Reputation: 1170
I want to scrape all links from a website that does not have pagination i.e., there's a 'LOAD MORE' button, but the URL does not change depending on how much data you've asked for.
When I BeautifulSoup
the page and ask for all the links, it simply displays the amount of links on the vanilla first page of the website. I can manually click through older content by clicking the 'LOAD MORE' button, but it there a way to do so programmatically?
This is what I mean:
page = urllib2.urlopen('http://www.thedailybeast.com/politics.html')

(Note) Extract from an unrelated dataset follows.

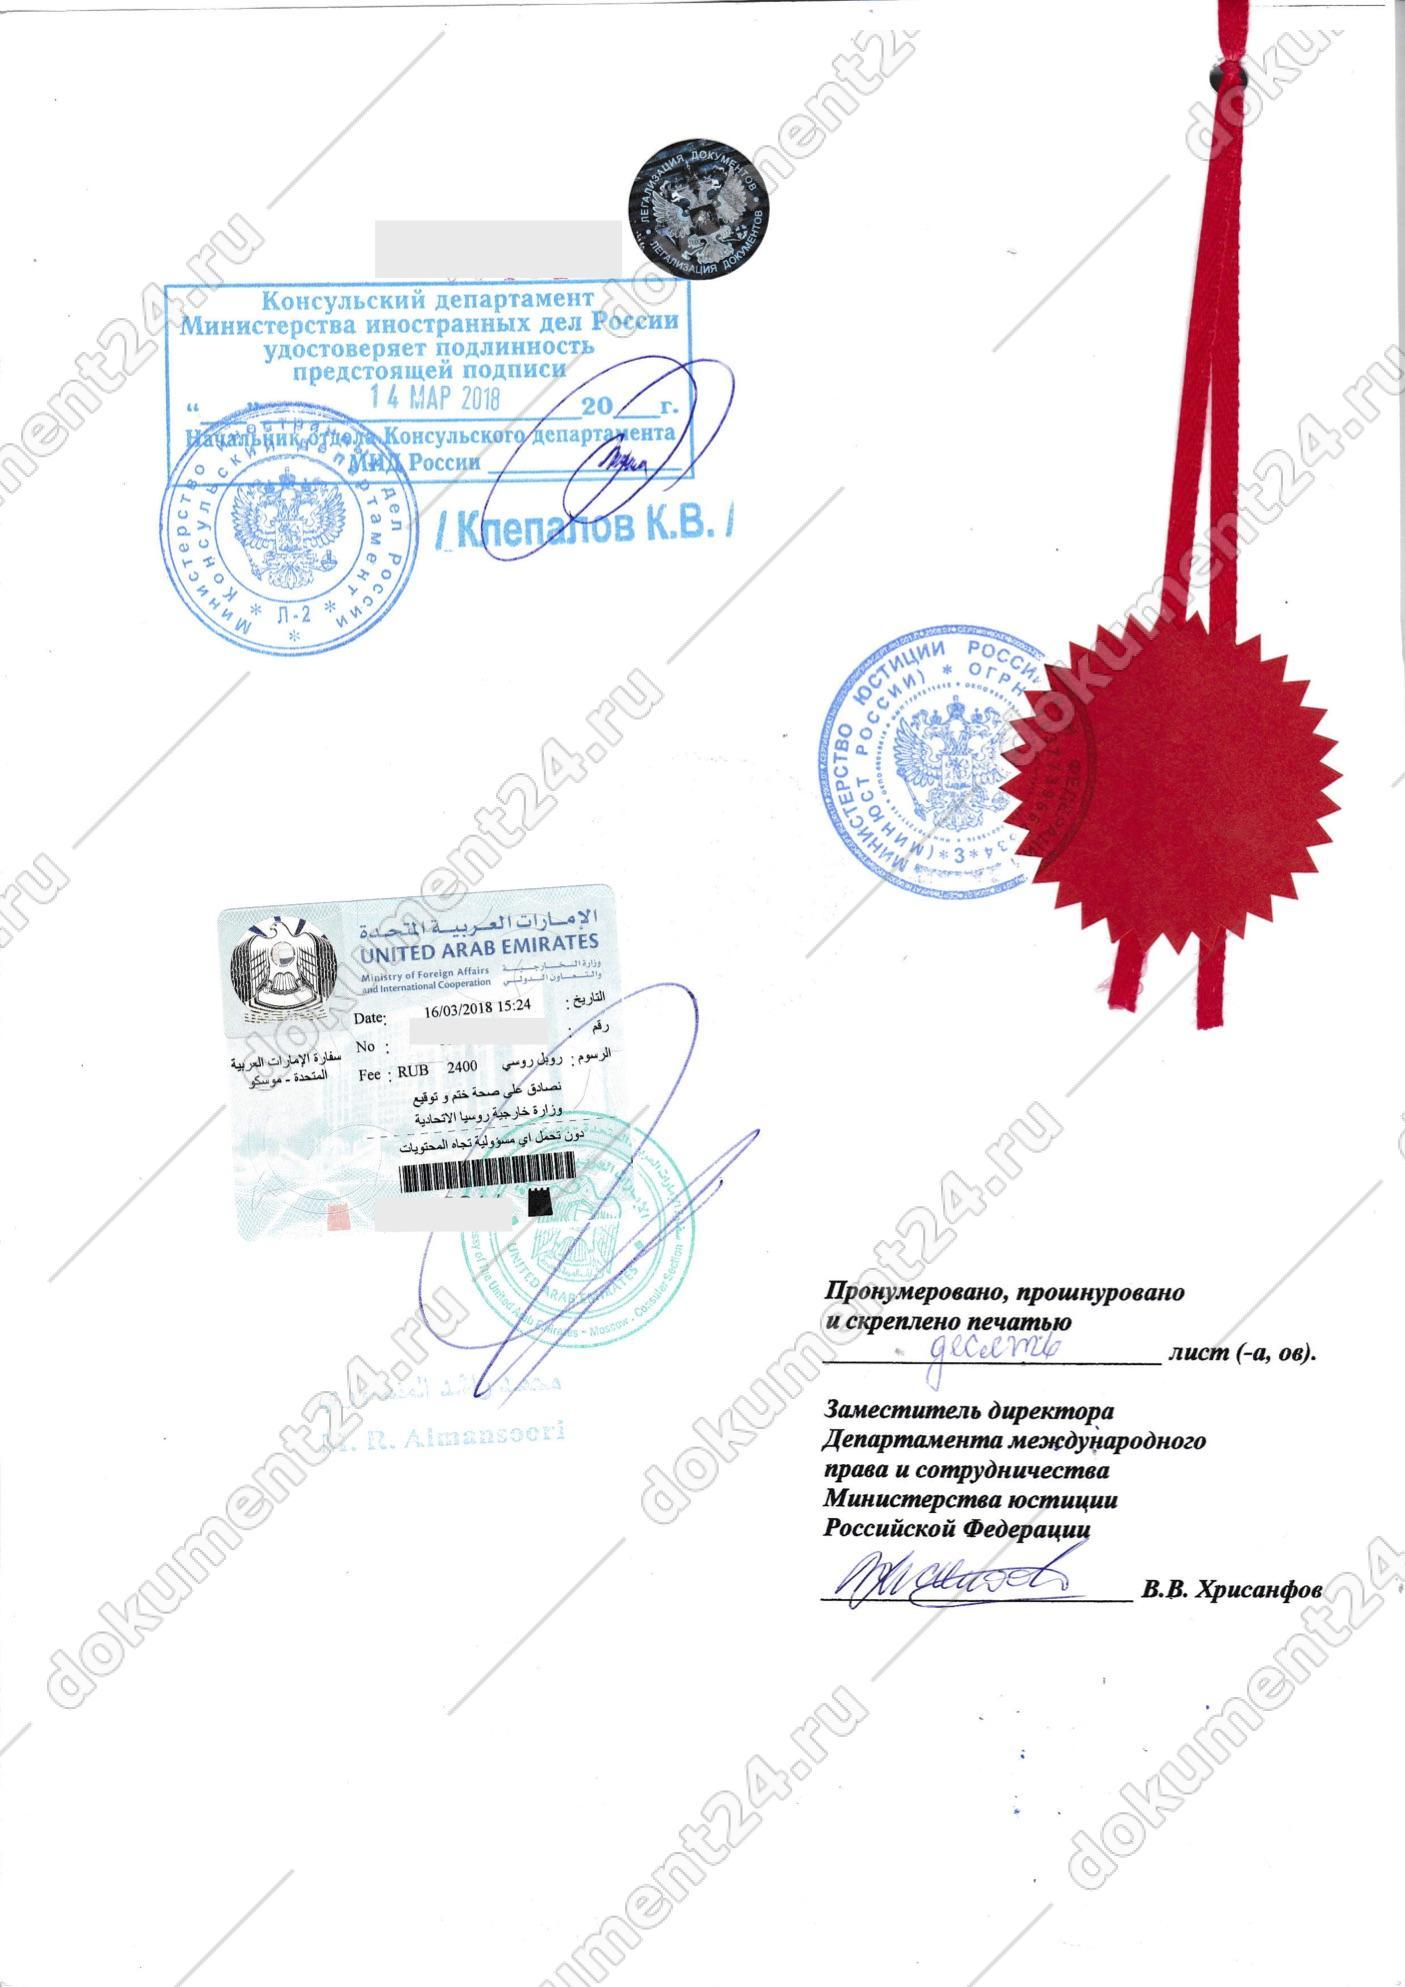 заверение личного дела посольства оаэ

soup = soup = BeautifulSoup(page)
for link in soup.find_all('a'):
print link.get('href')
And unfortunately there's no URL that is responsible for pagination.
Upvotes: 1
Views: 2508
Reputation: 474061
When you click "Load More" button, there is an XHR request issued to the http://www.thedailybeast.com/politics.view.<page_number>.json
endpoint. You need to simulate that in your code and parse the JSON response. Working example using requests
:
import requests
with requests.Session() as session:
for page in range(1, 10):
print("Page number #%s" % page)
response = session.get("http://www.thedailybeast.com/politics.view.%s.json" % page)
data = response.json()
for article in data["stream"]:
print(article["title"])
Prints:
Page number #1
The Two Americas Behind Donald Trump and Bernie Sanders
...
Hillary Clinton’s Star-Studded NYC Bash: Katy Perry, Jamie Foxx, and More Toast the Candidate
Why Do These Republicans Hate Maya Angelou’s Post Office?
Page number #2
No, Joe Biden Is Not a Supreme Court Hypocrite
PC Hysteria Claims Another Professor
WHY BLACK CELEB ENDORSEMENTS MATTER MOST
...
Inside Trump’s Make Believe Presidential Addresses
...
Upvotes: 3